An accomplice emerged from the bathroom shooting without measure or caution. Six bullets landed on my father’s body. One bullet hit him directly in the head and he died instantly.
QUITO, Ecuador ꟷ On June 14, 2012, the phone rang at my job as a security supervisor at the General Rumiñahui Coliseum. I was 16 years old and working security at a concert. My uncle’s words delivered the news I still struggle to believe. He said, “Your father just got shot.”
The moment felt incredibly harsh, and I thought, “My father is not dead,” In fact, I still think that to this day. I believe he is here with me. My dad was 38 years old, and it feels like he never left.
My brother and I rushed to my father’s house to see what happened. We turned on the television to watch the news as my uncle arrived crying.
The words flashed across the screen, “The death of former Ecuadorian boxer Jaime ‘La Bestia’ Quiñónez is confirmed, he was shot dead in a restaurant in the north of Quito.” My memory of that moment remains vague. It comes to me in broken parts as if I barely heard it.
The authorities provided me access to the ECU-911 security cameras. I watched as two criminals arrived at the restaurant three hours before my father. They appeared to be waiting for him.
My dad went out that afternoon to eat at the Colombian restaurant Ecuador. People said my father was a bad man and that he ran illegal businesses; that’s why he got killed. I disagree. He always did things the right way.
In those days, my brother and I spent all our time with our father, organizing a vallenato concert. The day of his murder my brother and I had to work. As my father ate his food at the restaurant, a criminal pointed a firearm at his head, trying to steal his belongings.

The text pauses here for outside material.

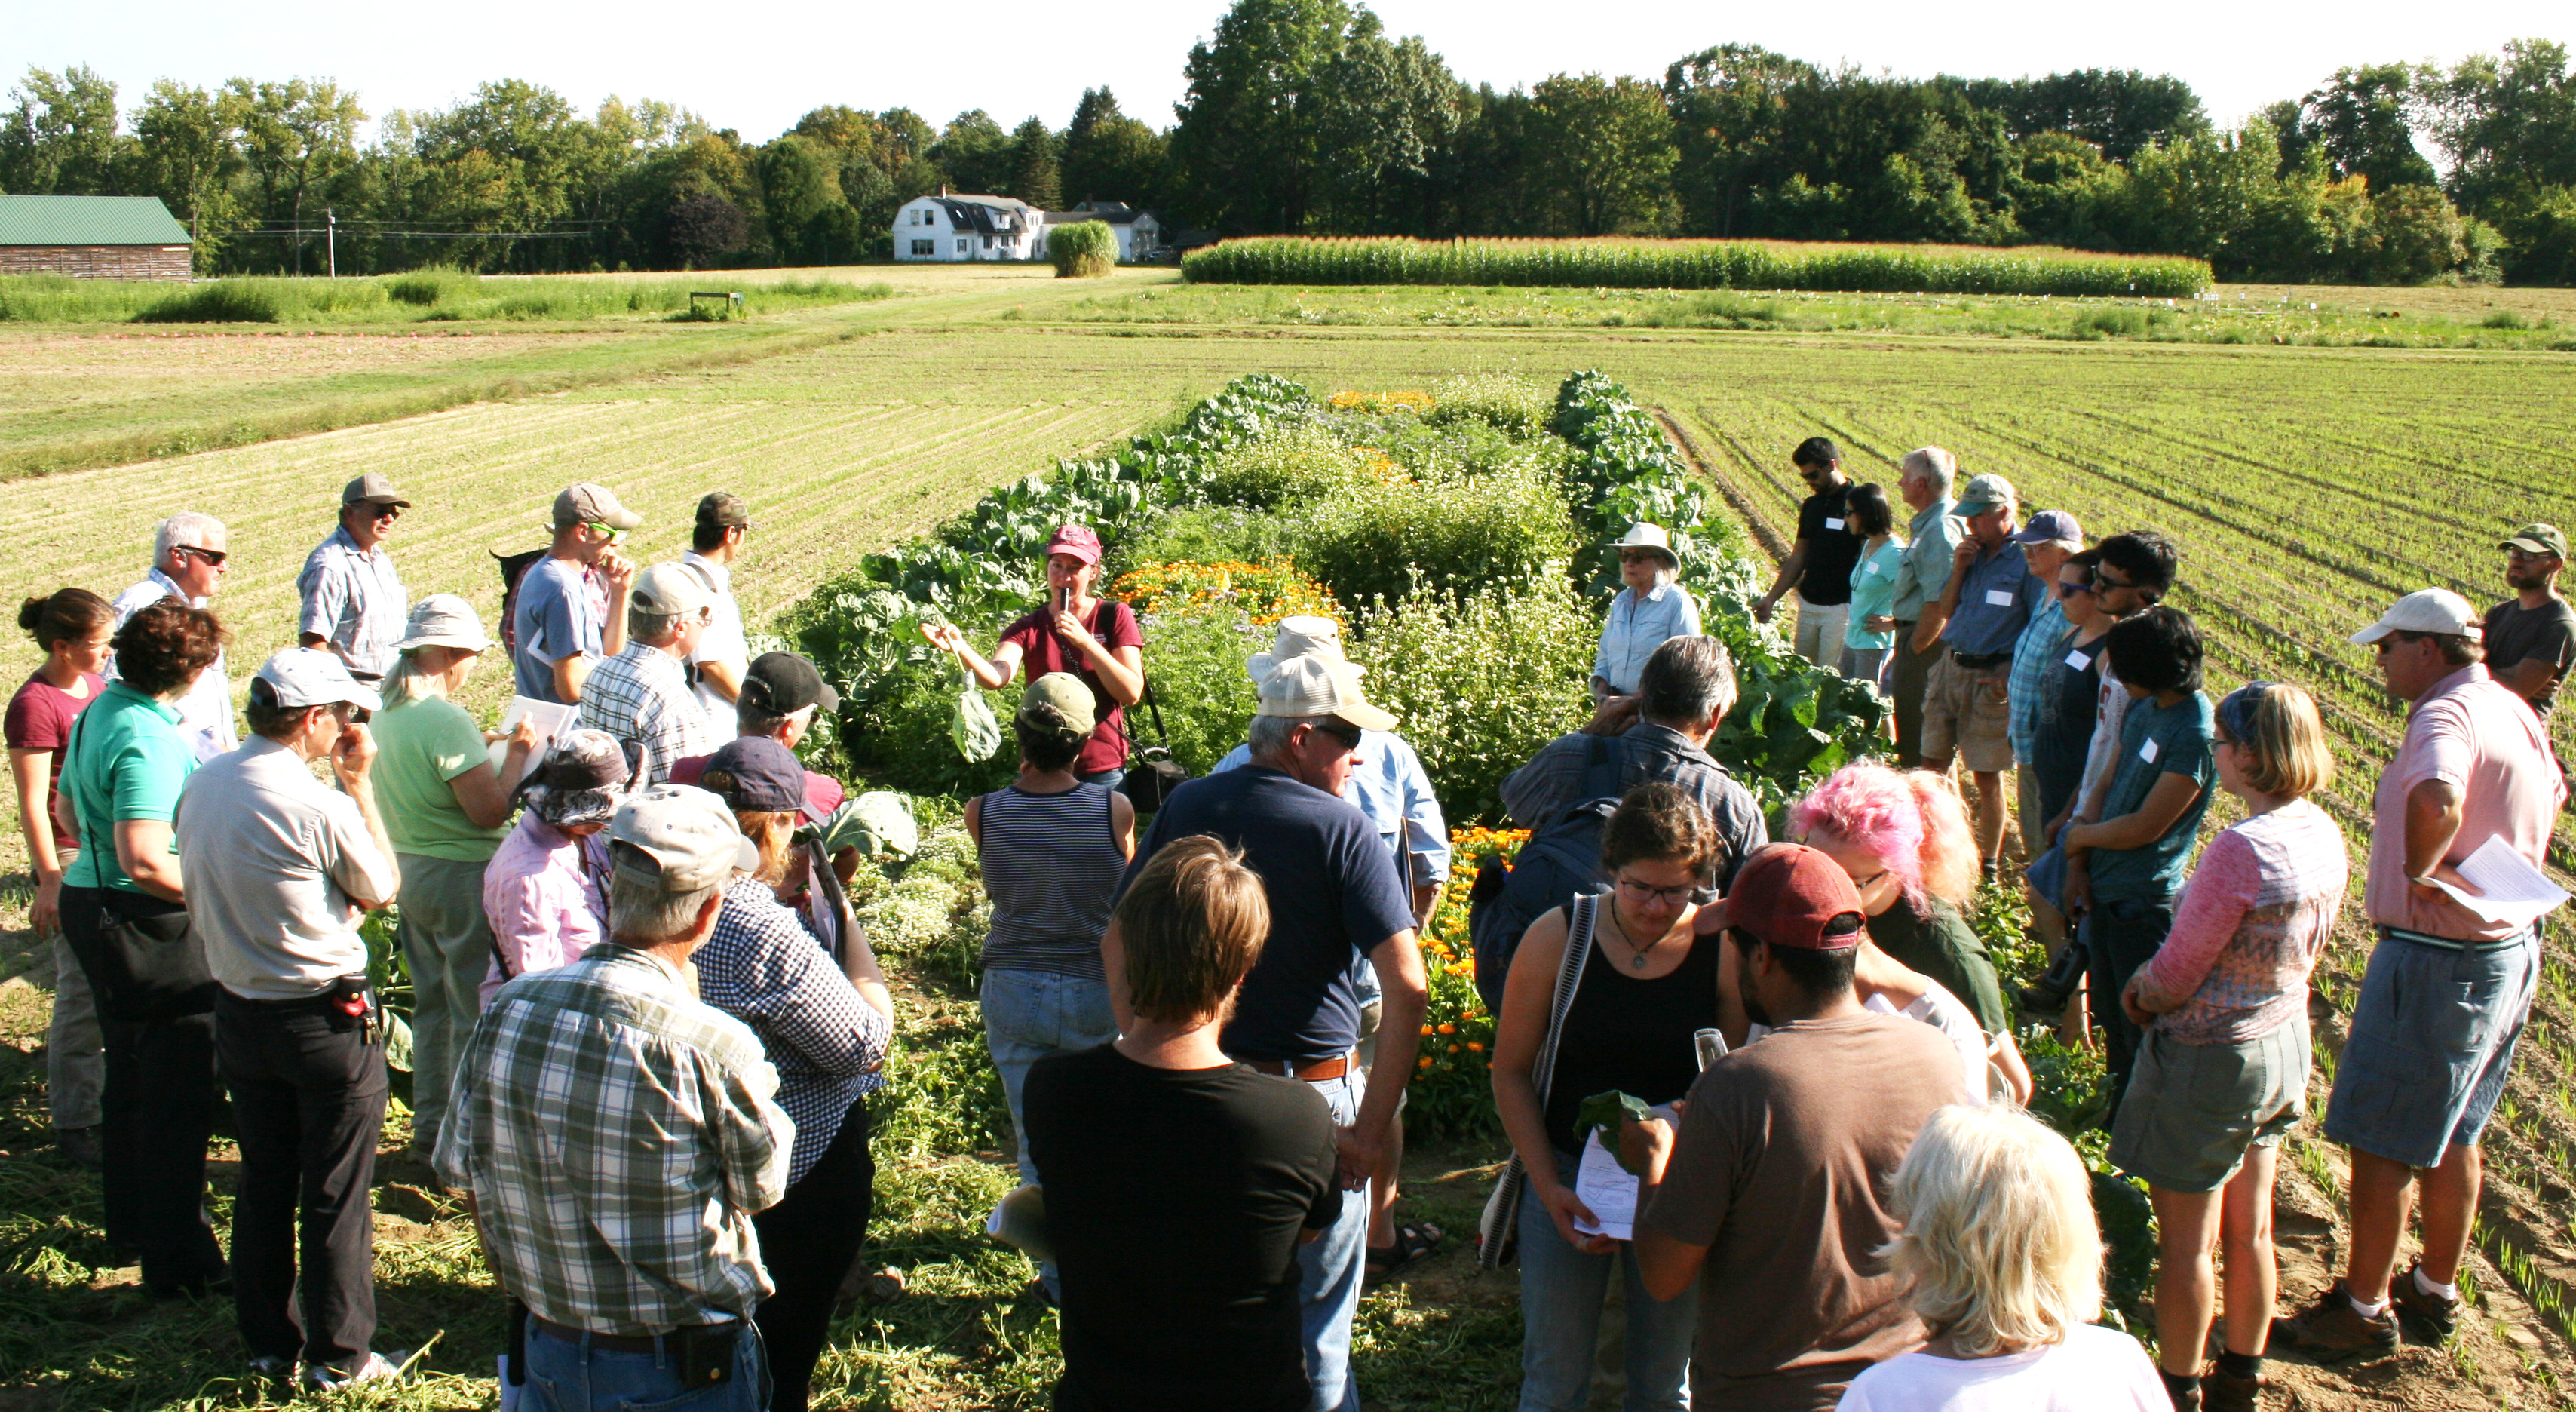 Sue Scheufele, leader of the production agriculture areas in the Extension Agriculture Program, presents to growers at the UMass Crop and Animal Research and Education Farm in South Deerfield.

They struggled. As my dad tried to take the man’s gun, it discharged, injuring the perpetrator. Seeing this, an accomplice emerged from the bathroom shooting without measure or caution. Six bullets landed on my father’s body. One bullet hit him directly in the head and he died instantly.
The shooter gathered up his accomplice and they fled.
I saw that the workers and owners of the restaurant removed my father’s body and left it on the sidewalk. They closed the business to clean the crime scene. Their intent was to claim the brutal murder did not happen there.
In the same security video at one of the Ecovía urban transport stops, I saw my father’s body bleeding excessively. Those same restaurant workers became worried, so they loaded his lifeless body up and dropped it another 20 meters away.
That was 10 years ago, and we are still trying to understand this case.
As a boy, I dreamed of becoming a boxer like my dad. He wanted something else for me and suggested I play soccer. His wish for me not to box was like fighting the ocean tide. Eventually he supported my dream and agreed to train me.
In the beginning, I fell. My opponents beat me, but boxing is a sport you learn from day after day. My dad always told me, “Punches are not food!” As he moved forward in life, he began organizing events in sports and music.
On January 31, 2021, I fought Ecuadorian Antonio Ocles. Today, on June 14, 2022, at the traditional Julio César Hidalgo Coliseum in the center of Quito, we face off in a rematch for the national title in the middleweight division.
Throughout the year, I have two more fights outside Ecuador: in August against Panamanian Jaime ‘El Demoledor’ Arboleda for the Bolivarian title, and in December against Peruvian David Solórzano for the Latin title.
Ten years after my father’s death, I fight to honor his legacy.